The Dreaded Orange Glow

The Dreaded Orange Glow

I like to photograph the night sky on clear, moonless nights when the only light comes from the canopy of stars. I also like to create composites for my final image. To do this I make exposures of about 3 minutes for the foreground and 25 seconds for the sky and combine them in Photoshop. 
Unfortunately, even on the darkest nights, the camera will capture the orange glow of a distant city.

The photo below, made from Yavapai Point at the Grand Canyon was exposed for three minutes. Notice that the canyon is properly exposed but the stars are forming trails because of the long exposure. Notice the glow in the sky just above the horizon on the left. It comes from the City of Las Vegas which is 175 straight line miles away. 

Here, the sky is exposed for the stars but the canyon is underexposed. The glow from Las Vegas is still clearly visible.

I combined the above two images to make this composite.

Here’s how I did it. First, I opened both photos in Adobe Camera Raw and made various adjustments. What they were is really not important because this article is about creating a composite from two images. What is important is that I made the same adjustments to both images. I’ve found that making separate adjustments for each layer tends to make the composite look fake and fixing it is more difficult than just using the same adjustments.

I opened both images in Photoshop. I made a copy of the image with the properly exposed foreground (CTRL J) and using the move tool, placed it as a layer on top of the image with the properly exposed sky. Using the quick selection tool, I made a selection of the sky. Because the intersection of the horizon and the plateau is virtually flat, the quick selection tool did a great job. With the sky selected, I held down the ALT key and clicked on the create a layer mask icon on the Layers pallet. That created a black mask which hid the selected the area on the top layer and revealed the selected area on the bottom layer creating the perfect composite.

But what about the glow from Las Vegas? Here’s how I fixed that. I simply selected the sky layer and then chose EDIT, TRANSFORM, SCALE and dragged the handle at the bottom corner to make the sky layer larger. I then used the move tool to move that layer down until the glow was below the foreground layer. With the original foreground selected and making sure I had selected white as the foreground layer, I clicked on the add layer mask icon. This action revealed the sky of the transformed layer.  It was a simple matter. Because the sky layer is larger, you can also move it from side to side to get that layer in the best position.

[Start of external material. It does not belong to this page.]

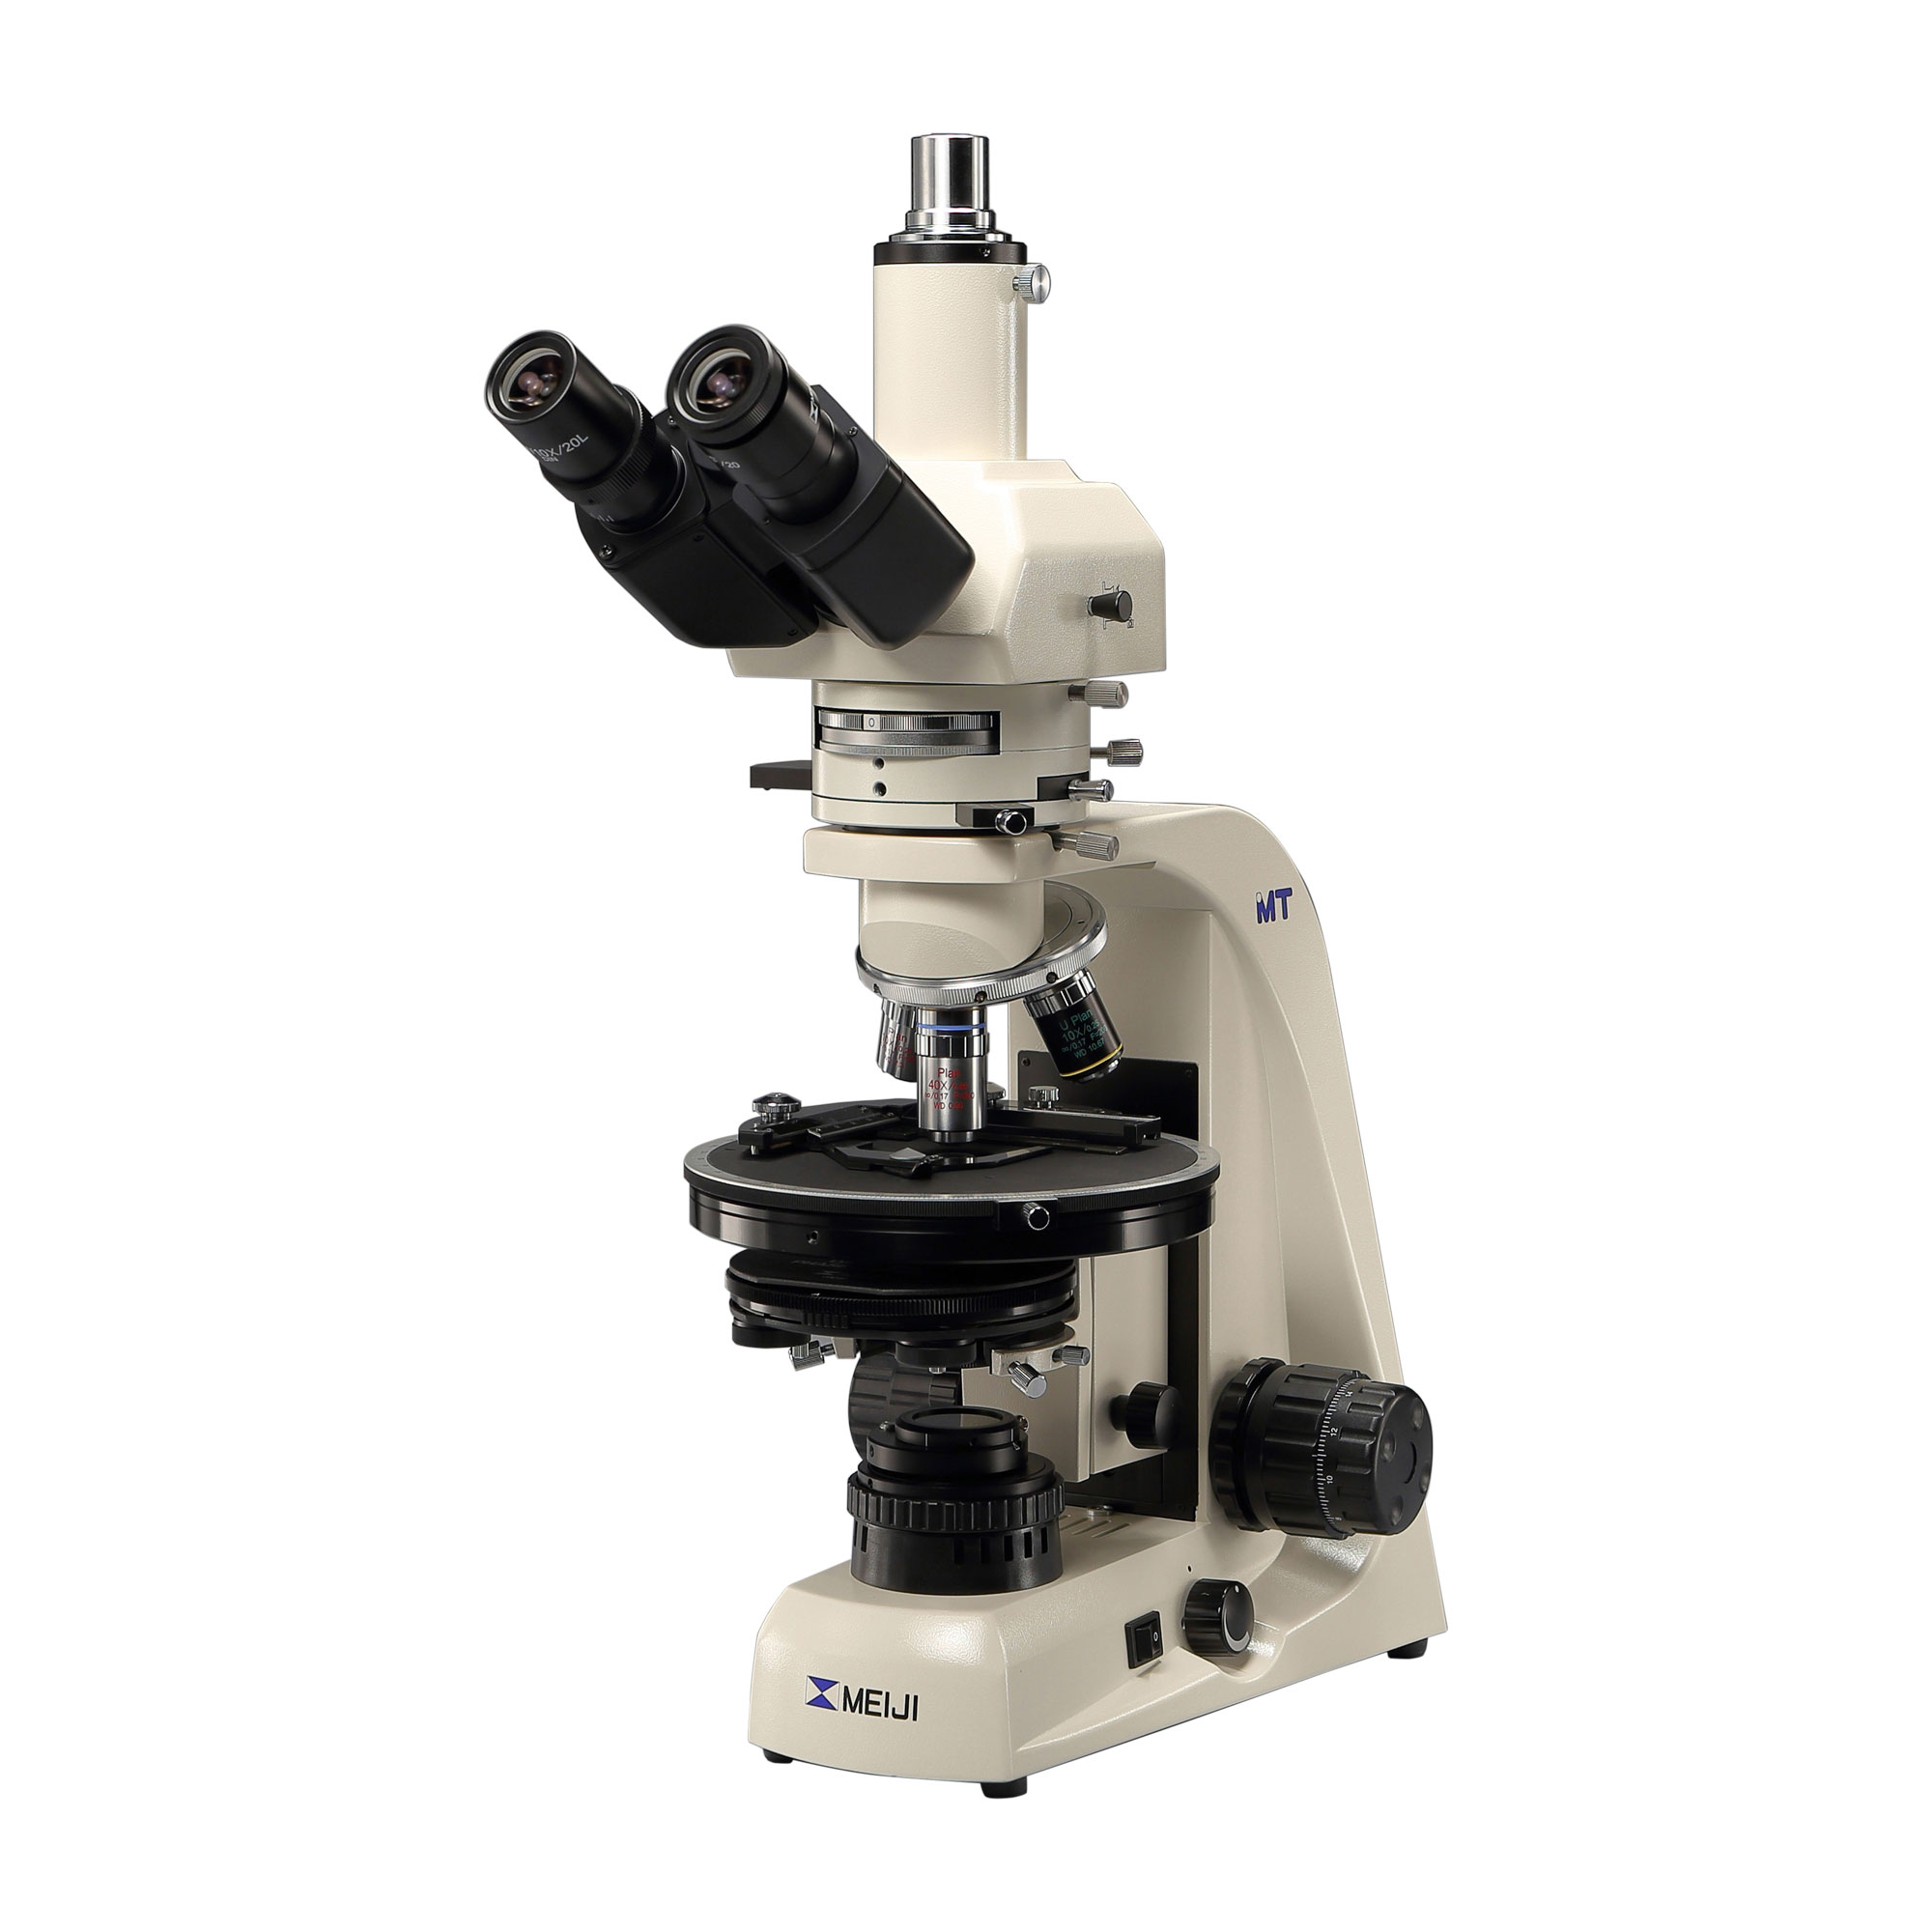 アスベスト測定用偏光･分散顕微鏡 MT6930型

Is there a downside do using Transform? Yes, it has the effect of using a longer lens so the slight trailing in the stars from the 25 second exposure will be a bit larger but that will only matter if you decide to print an enlargement of your photo. But even then, depending on your camera, the effect will be minimal.

A Guy Can Quit

I previously posted an article entitled: “Sometimes a Guy Can’t Quit”. At the time, I thought I may have done everything I could have done with the photo of the old homestead at Berry Creek. As it turns out, I wasn’t done. I added a night sky and put some new furniture in it. I can’t think of anything more that could possibly be done, so I think I am finished. Here is the final image.

Sometimes a Guy Just Can’t Quit

I made this rather mundane photo of the old homestead at Berry Springs Park near Georgetown, Texas. 

Ordinarily I would just chalk this one up as a lost cause but this time I thought it might be interesting to turn it into a night photo, so I made adjustments in Photoshop to make it look like a night shot. Then I thought I should do some digital restoration and add some light to make it look lived in.

Light may make it look lived in but furniture and pictures on the wall seemed like a good idea to really make it look like someone lived there. I decided that the furniture should be something that would be found in an old homestead and decided that everything should be wood and the light source should be an old kerosene lamp. In keeping with the era, the photos on the wall needed to be in black and white. I took a couple of my photos, converted them to black and white and put them on the wall. The one in the room with the lamp is actually a photo of the homestead I made from the back.

To make it a bit more “rural”, I decided to add an old wagon wheel from photo I made in west Texas. Then I decided to dress up one of the windows by adding an image of a skylight window I made at the courthouse in Waco. I thought I was done but as I was going through some other photos, I thought I should add an old truck that I photographed in Walburg, Texas. I processed that photo to fit in. The problem though is that this 1958 Chevy truck wasn’t around in the early days of this homestead. I got to thinking that in west Texas, there are still a lot of ranch houses without water and electricity so the truck would fit.

At one point, I put a moon in the sky but it was too bright and actually detracted from the image, so I took it out.

Below is the final image. Is this really the final? I don’t know. I thought I had a final before I added the truck. It could be the final, but never say never.